Я даю возможность Лиаму рассказать о бое, о безнадежной ситуации, где он стал свидетелем гибели своих товарищей, о том, как его подстрелили, и как он очнулся с тяжелыми ранениями в лагере террористов. Он описывает свои первые дни, которые едва может вспомнить из-за высокой температуры, пыток, повторяющихся допросов. Ему давали наркотики, угрожали смертью, переводили в разные лагеря, заставляли испытывать голод и жажду. Когда я слышу все жестокие подробности, у меня перехватывает горло, и я едва сдерживаю слезы. Представление о том, что пришлось испытать этому мужчине, к которому я чувствую настолько сильное влечение, что даже рискую попасть под гнев Марка, для меня настолько шокирующе, что мне с трудом удается сдерживать слезы. И с каждой новой подробностью мне все больше и больше хочется сделать хотя бы небольшой перерыв в интервью. Но это, вероятно, только добавило бы еще больше боли Лиаму, поэтому я просто позволяю ему дальше говорить о голоде, гневе, желании умереть, попытке убить себя.
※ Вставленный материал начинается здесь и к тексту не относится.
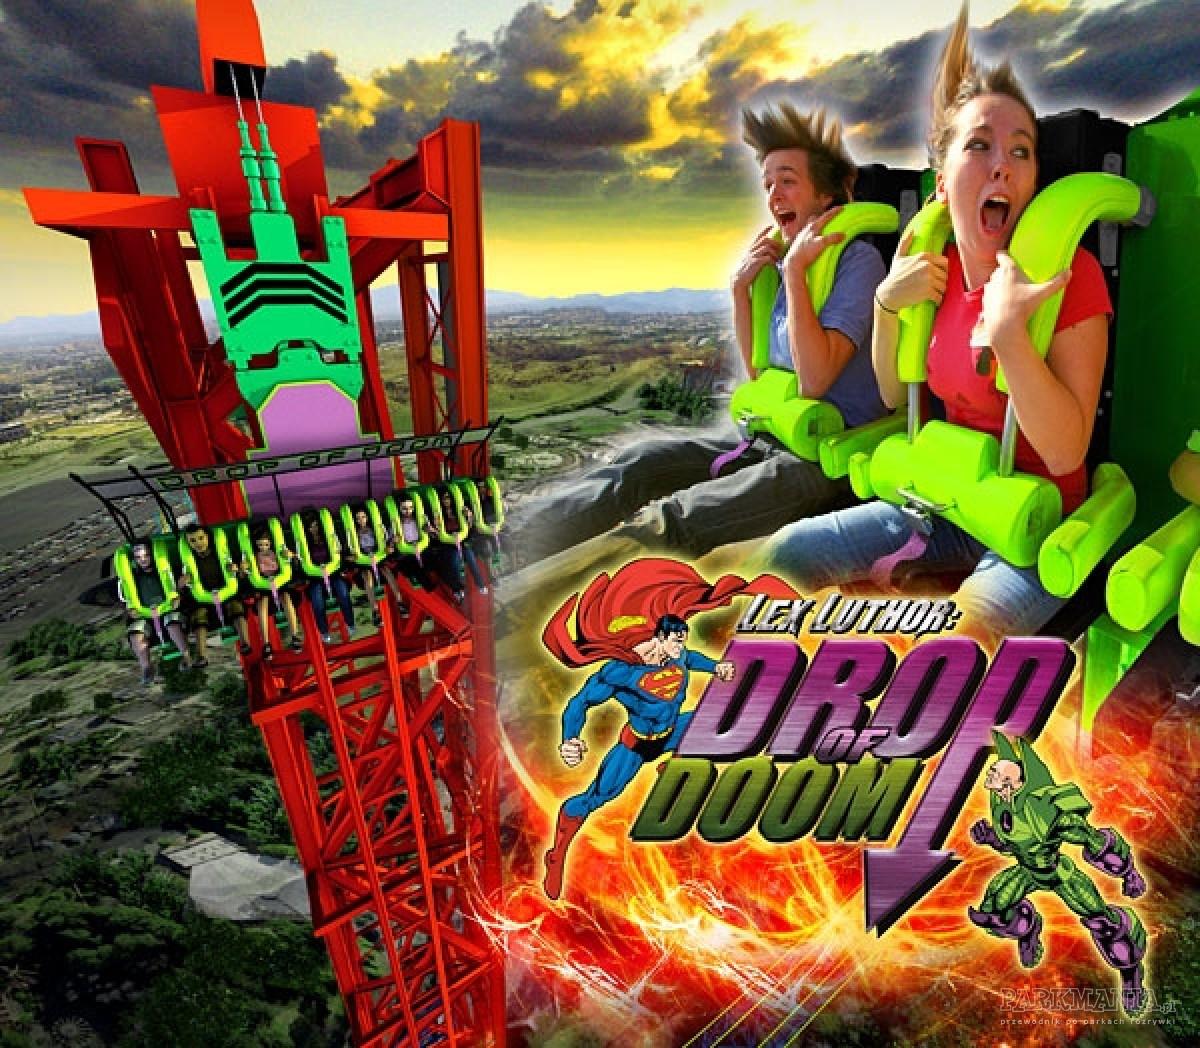 Lex Luthor: Drop of Doom, czyli najwyższy drop tower świata

Я позволяю ему излить душу.
— Какое событие было наихудшим? — спрашиваю я, когда он замолкает, изо всех сил пытаясь взять себя в руки, а затем вопросительно смотрит на меня.
Его лицо становится суровым, он избегает моего взгляда, а пальцы впиваются в подлокотники кресла.
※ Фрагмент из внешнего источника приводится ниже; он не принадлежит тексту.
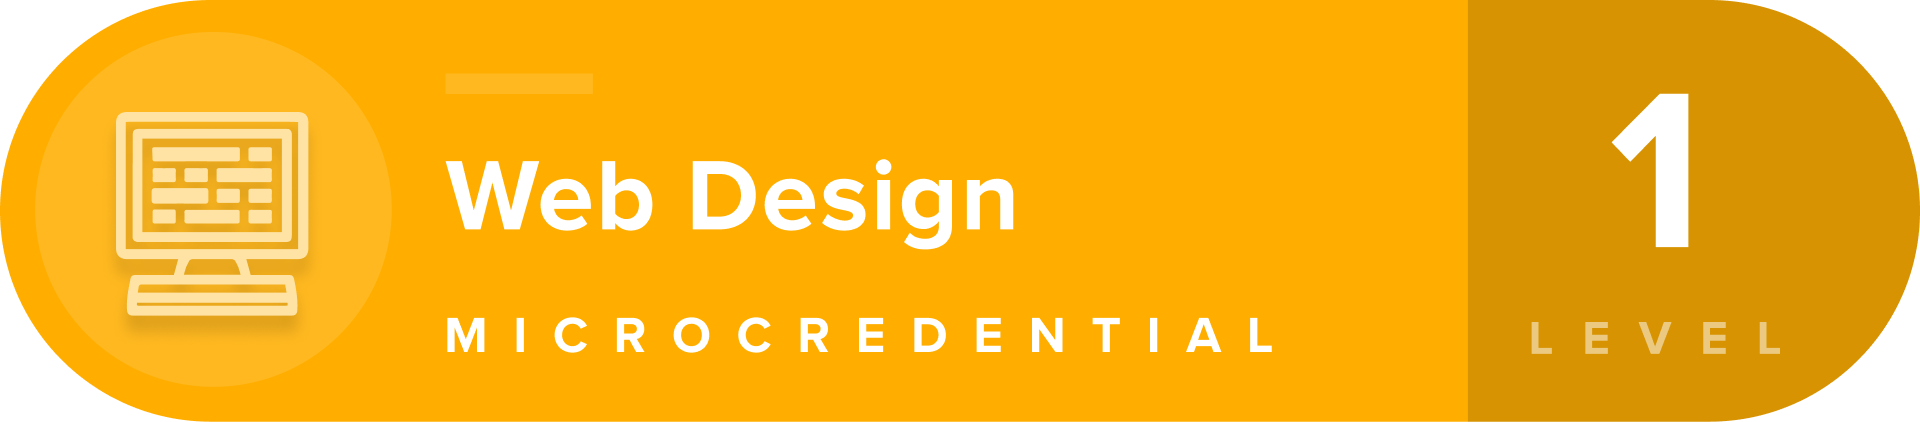 Web Design microcredentials level 1 badge

— Я плохо могу судить о том времени. Иногда у меня совсем не было чувства времени. В некоторых лагерях было тяжелее, в некоторых не так уж и плохо. В зависимости от глубины ненависти или извращенности людей в том или ином лагере. Должно быть, это произошло где-то на третий год. В результате нападения американских войск главарь накануне потерял своего сына. Он хотел получить от меня информацию, которую я не мог ему дать. Я больше не имел представления о действиях США и их союзников. И даже если бы и имел, то не сказал бы ему. Я бы никогда не позволил тому, что они сделали со мной, случиться с другим боевым товарищем. — Лиам смотрит на свои колени, затем концентрирует взгляд на точке где-то позади меня.
Чувствую, что то, что он собирается сказать мне сейчас, это то, о чем он на самом деле не желает говорить. Подумываю замять вопрос, но он чувствует, что я собираюсь сделать, и останавливает меня, поднимая руку.
— В лагере была немка, врач. Они похитили ее за несколько недель до того. Она лечила меня от инфекции. Я знал, что они неоднократно насиловали ее. Они часто насиловали и убивали женщин. Некоторые женщины в лагерях рожали детей. — Лиам сглатывает, и я впервые вижу, как он плачет. Мужчина вытирает лицо и дико оглядывается по сторонам, пока не находит другую точку, чтобы сконцентрироваться. — Они подмешали Виагру в мою еду и заставили меня изнасиловать ее. Либо я это сделаю, либо всех девочек в лагере казнят.
Рефлекторно шарю позади себя, пододвигаю стоящий там стул и сажусь не в силах что-либо произнести, хотя Лиам смотрит на меня и ждет, чтобы я что-то сказала. Но что я могу сказать? Слов нет. Я ошеломлена этой жестокостью. Тем, что они сделали с этой женщиной. И что они сделали с Лиамом.
— Мы вырежем это, — говорю я глухим голосом по прошествии бесконечных секунд. — Никто не должен знать этого.
Меня действительно тошнит.
— Ладно. Я все равно лишь хотел, чтобы это ты знала. Ты должна знать, кто я есть.